Dieser Satz hatte so sehr gesessen, sodass Theo einmal laut schluchzte und alle Kinder ihn plötzlich anstarrten, während mein Herz in die Hose rutschte. Das hatte ich nicht gewollt!
„Theo, was hast du denn?", erkundigte sich sofort ein kleines Mädchen.

Er tat mir auf einmal so unglaublich leid und ich war mir nicht sicher, ob meine Idee so gut gewesen war, wie ich zunächst gehofft hatte.

„Ich habe nur etwas im Auge", log er.

Doch so leicht ließ sich das Mädchen nicht täuschen.
„Das stimmt gar nicht.

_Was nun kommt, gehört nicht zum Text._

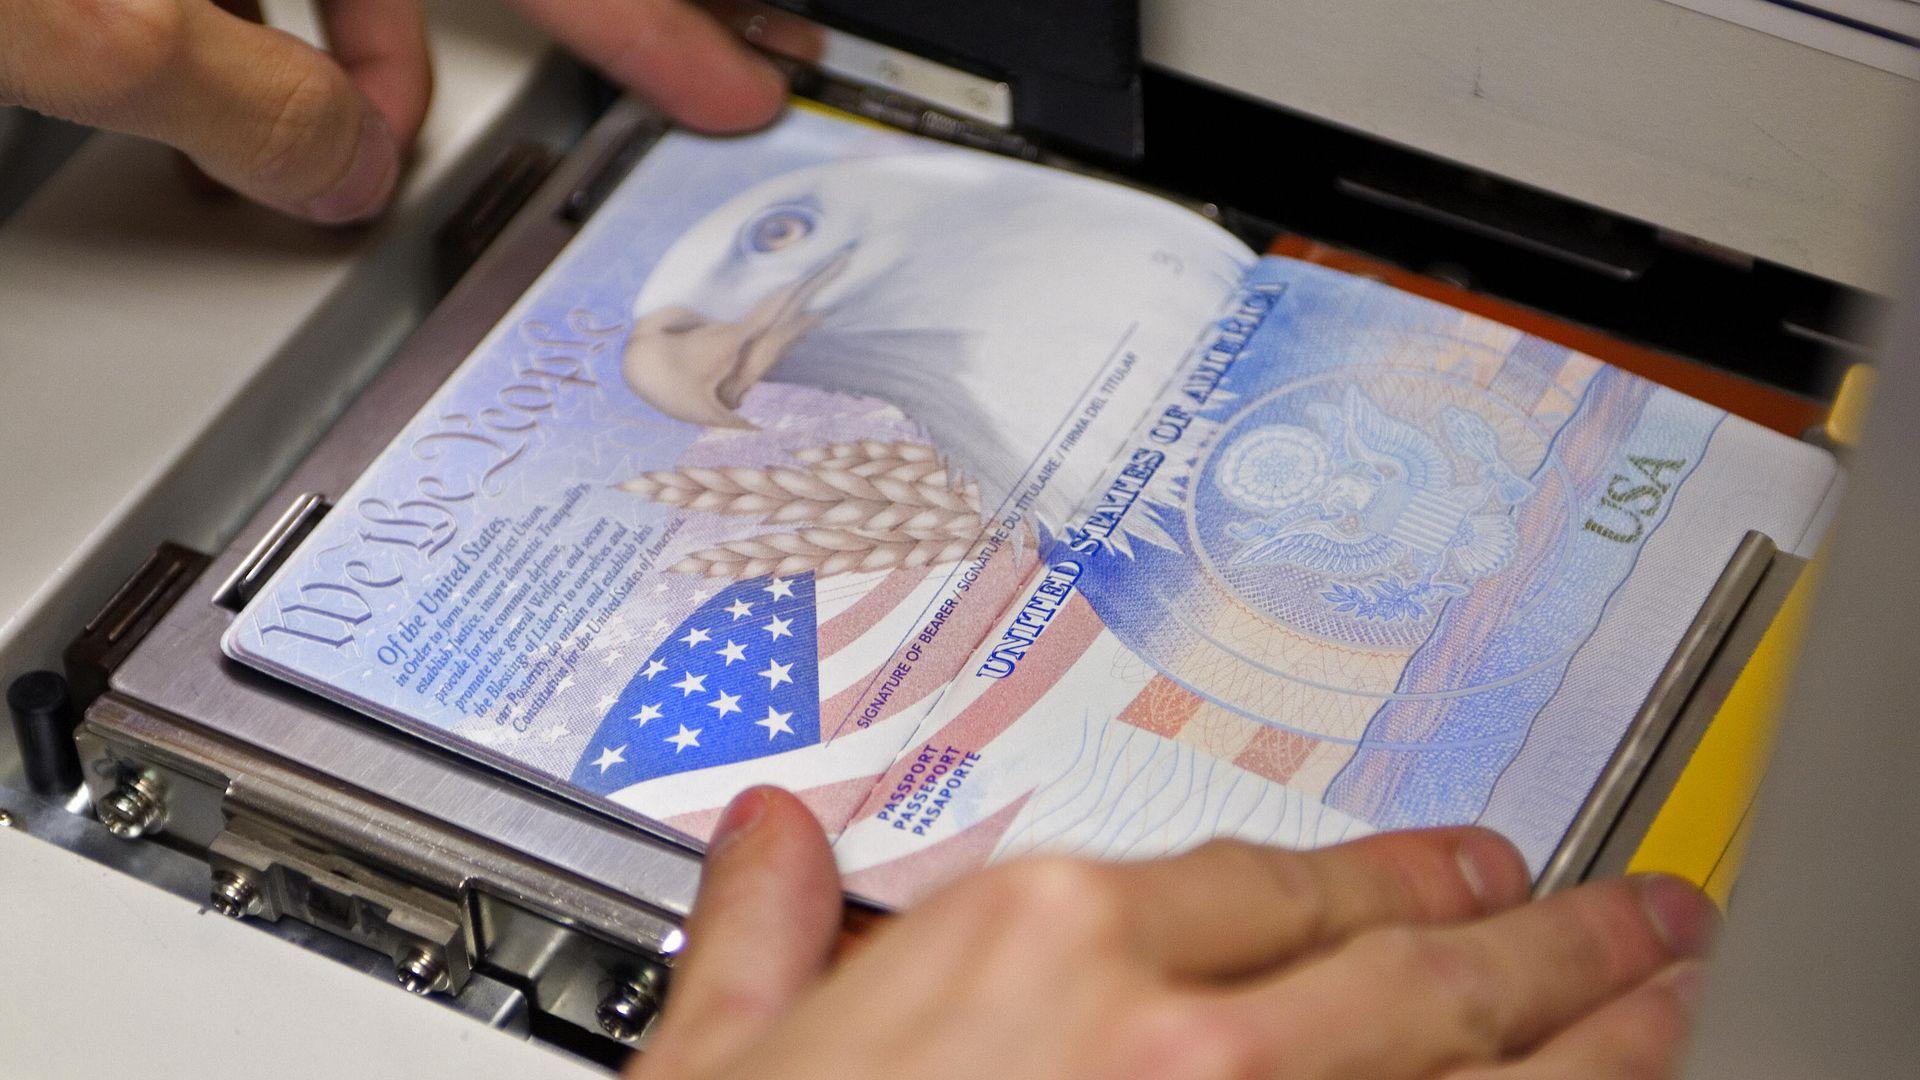 A United States passport

Das sieht anders aus. Du weinst richtig!"

Er presste ertappt seine Lippen zusammen. Er kämpfte um seine Fassung.

„Es ist nur so, dass die Geschichte ziemlich traurig ist", gestand er nun.

„Ja", stimmte das Mädchen zu. „Ich wünschte, man könnte Leo helfen und ihm sagen, dass er keine Angst haben muss. Liebe ist ja etwas Gutes."

Es war als würde mir ein kalter Schauer über den Rücken laufen. Ich bekam am ganzen Körper Gänsehaut, denn ich spürte, wie Theo gerade unter seiner Selbsterkenntnis litt.

„Ja, Liebe ist etwas Gutes", sagte Theo schließlich und sah zu mir.

Dieser verletzte Blick war so hart zu ertragen.

Ich wusste nicht so recht, wie ich seinen Satz und seinen Blick zu interpretieren hatte.
„Ich glaube, ich brauche jetzt erst einmal ein bisschen frische Luft", sagte er schließlich und erhob sich von dem Ministuhl, der eigentlich für Kindergartenkinder gemacht war und schlurfte wie ein Häufchen Elend nach draußen.